The EFS methods that modify the file system typically have a 1-1 mapping to some IResource API, so those resource APIs would also need an asynchronous variant to get any value out of asynchronous API at the EFS level. The other use of EFS is accessing attributes that are not cached at the resource level (file permissions, symlink names). For this kind of method I think an asynchronous variant doesn't make sense.

John



Michael Scharf <Michael.Scharf@xxxxxxxxxxxxx>
Sent by: eclipse-incubator-e4-dev-bounces@xxxxxxxxxxx

10/22/2008 11:41 AM

Please respond to
E4 developer list <eclipse-incubator-e4-dev@xxxxxxxxxxx>

To
E4 developer list <eclipse-incubator-e4-dev@xxxxxxxxxxx>
cc
Subject
Re: [eclipse-incubator-e4-dev] [resources] EFS, ECF and asynchronous





Oberhuber, Martin wrote:
> Hi Michael,
>
> to me, the difference between sync and async is not so much
> about speed or the number of Threads anymore - it's about
> enforcing proper programming patterns. That's something I
> actually learned during this discussion.

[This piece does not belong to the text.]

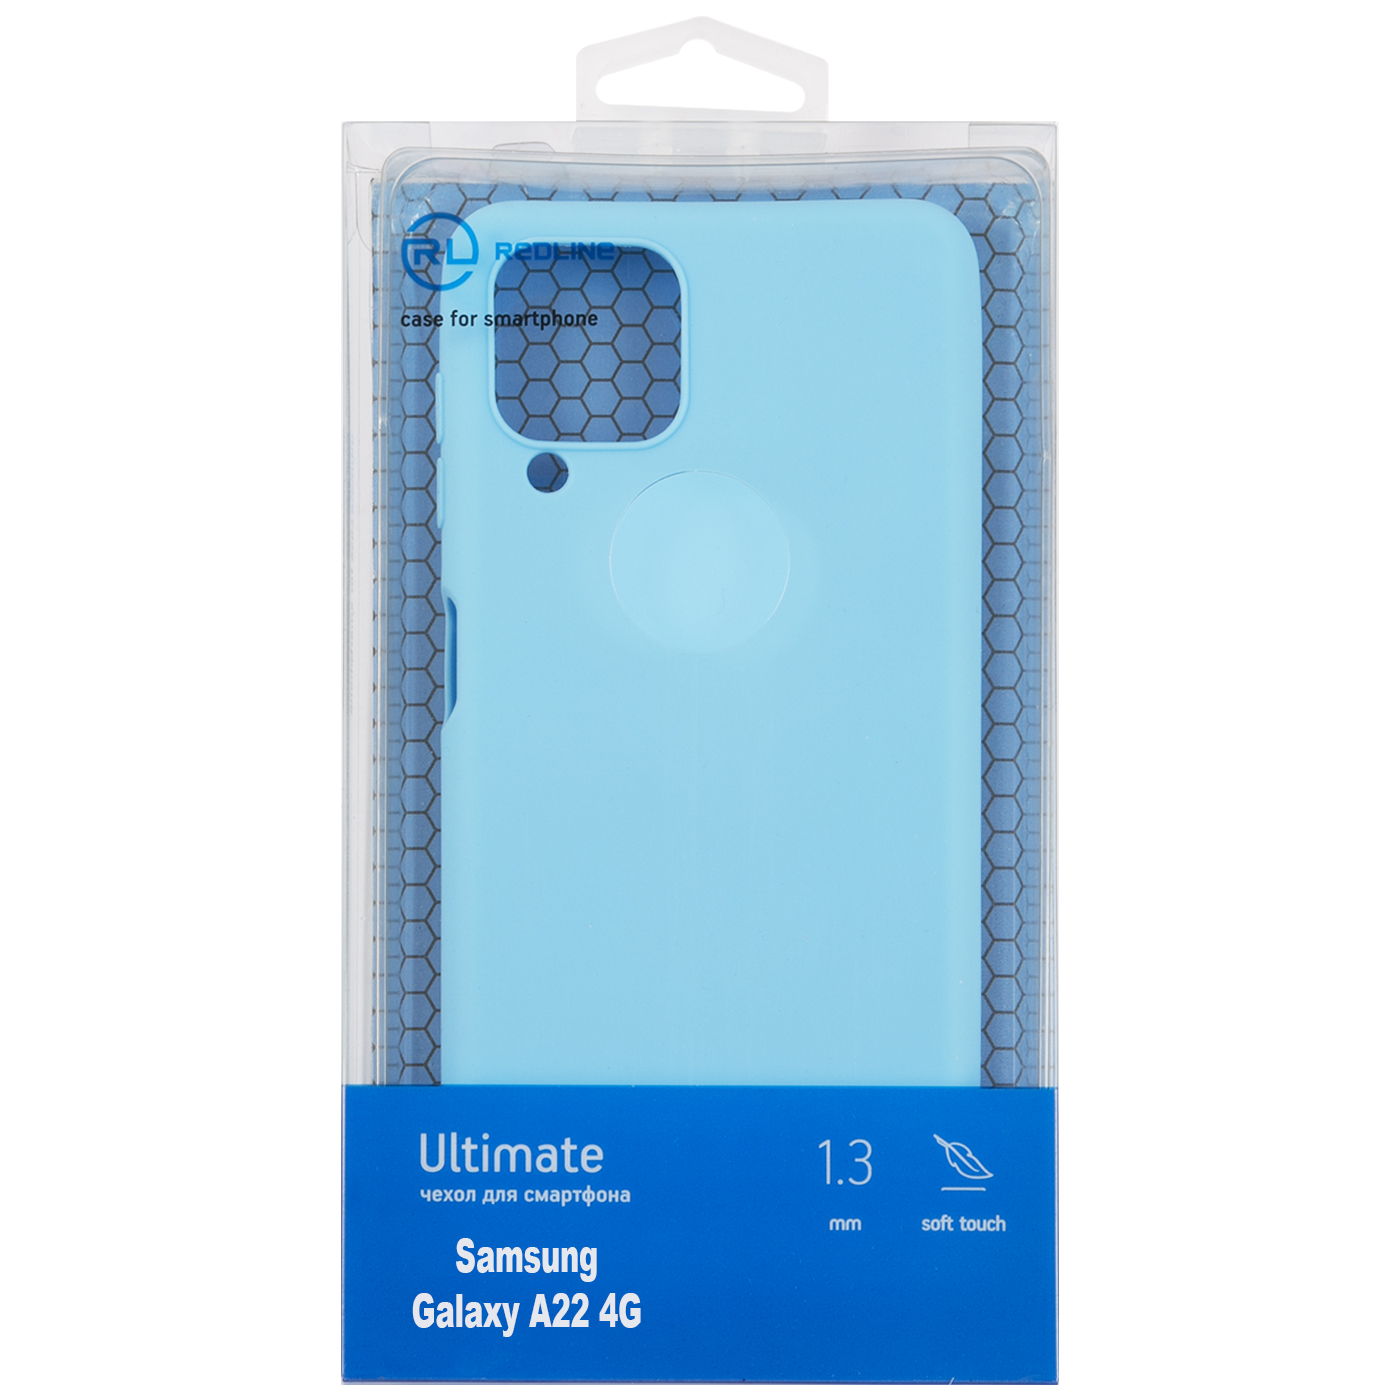 Чехол защитный Red Line Ultimate для Samsung Galaxy A22 4G, голубой УТ000025028 защитный чехол для смартфона red line ultimate для samsung galaxy a32 4g голубой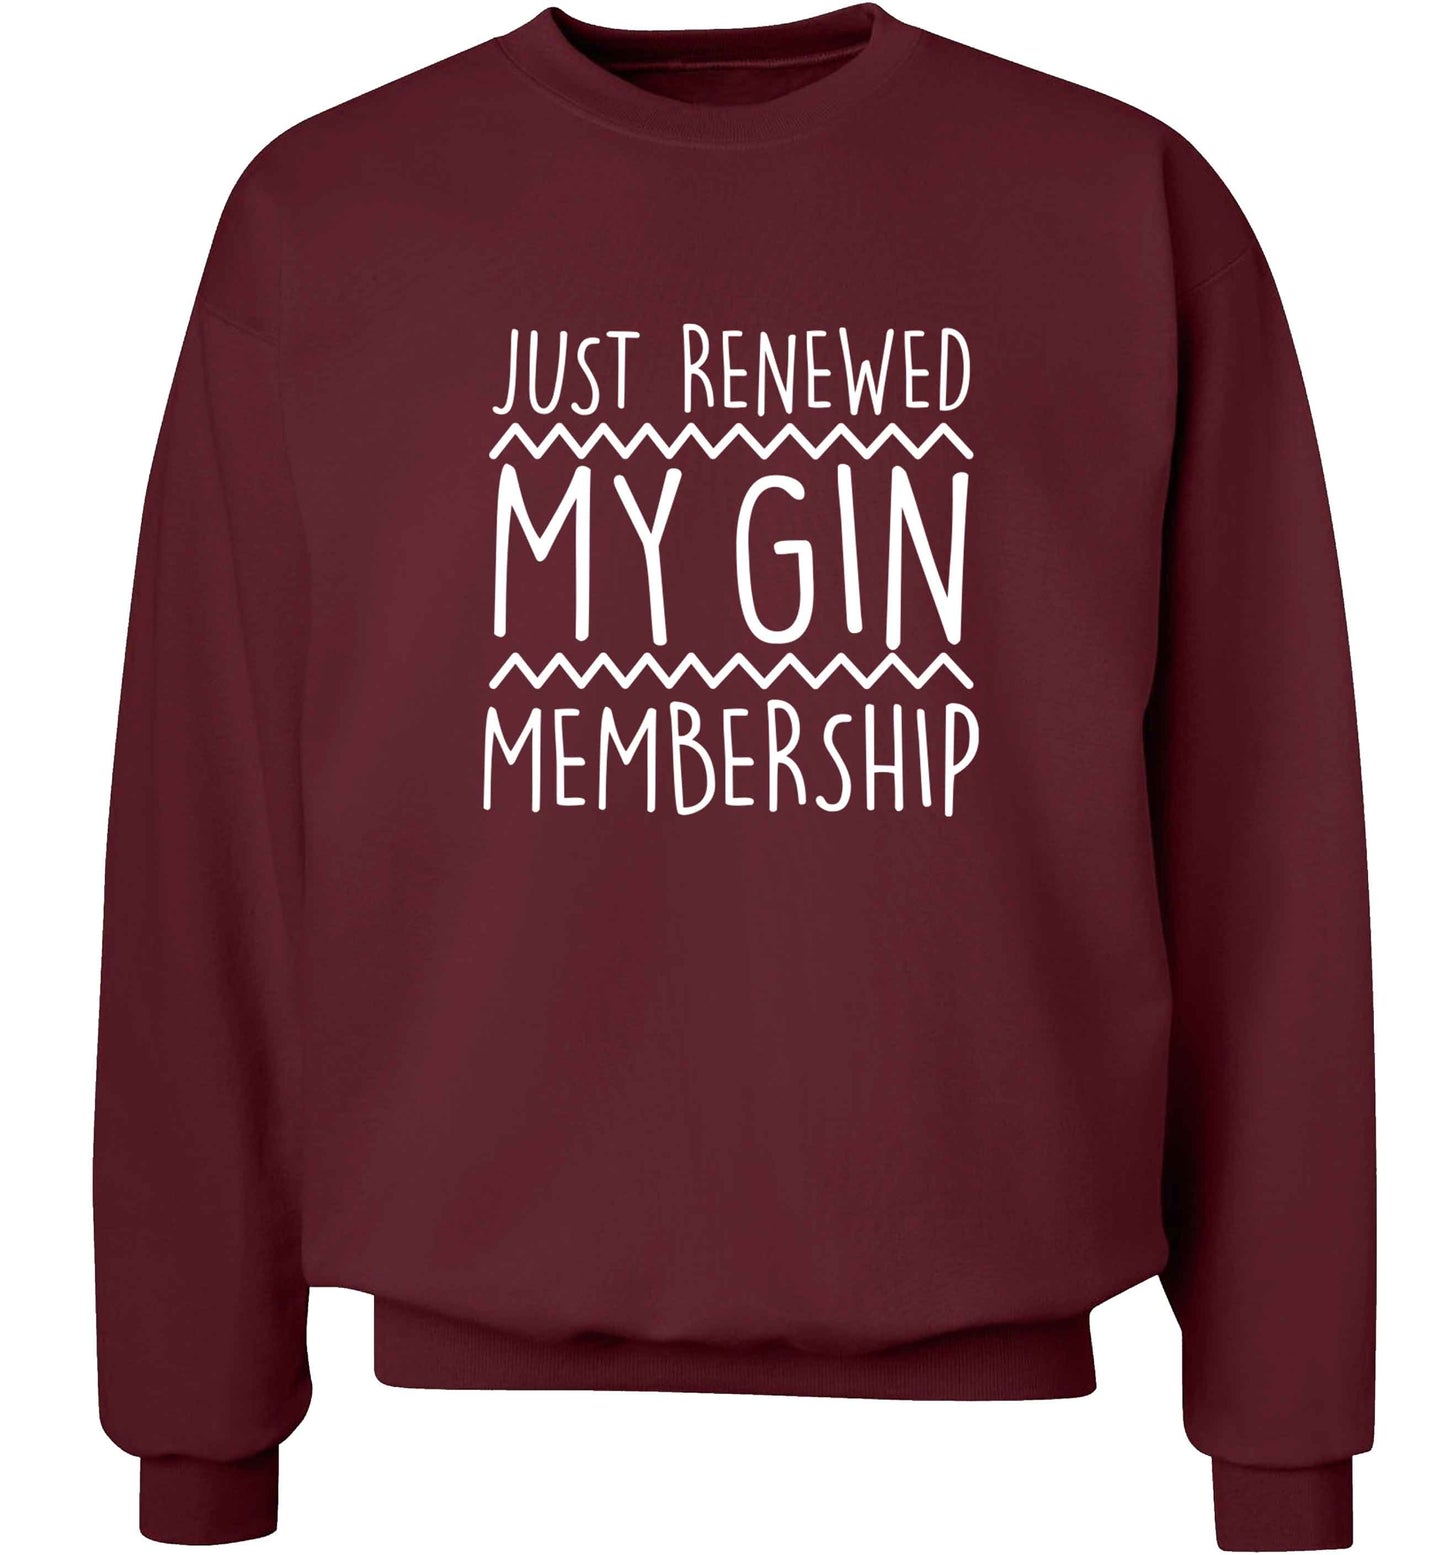 Just renewed my gin membership adult's unisex maroon sweater 2XL

Exactly! My question is: which calls are made by whom on
EFS? If a most of the efs calls are made to update
the IResource cache, then this batch of calls can be
made in a job and it has to be guaranteed that the
user can cancel it at any time. But then making a
call to get a file attribute async might be an overkill.

> Some examples:
>
> * Open a Directory Browse Dialog that happens to be initialized
>   with the URI remote://foohost/bar/baz and foohost happens not
>   to be online. All UI is blocked, you cannot even cancel the
>   request.

==> it makes sense to be async -- or start a job.

> * This can even happen with a LOCAL file system, I've seen this
>   repeatedly: My UNIX homedir is shared via SMB to my Windows
>   machine. In my UNIX home I have some symbolic links that point
>   to other NFS-shared folders from machines that are offline.
>   Just opening a directory browse dialog takes like forever
>   (even on Windows Explorer!)

async or a job would clearly help here

> * Dbl click large file foo.txt which is stored on a local SMB
>   shared, to load into the editor. While loading the file,
>   your network cable gets plugged off for some reason. Depending
>   on how the editor loading is implemented, all of Eclipse may
>   hang.
> * How often have you seen an Eclipse Progress Monitor like
>   "Waiting for Refresh Job to complete..." ?
>   Is it really necessary that the Refresh Job locks the workspace
>   for writing? Or could we allow more concurrency here?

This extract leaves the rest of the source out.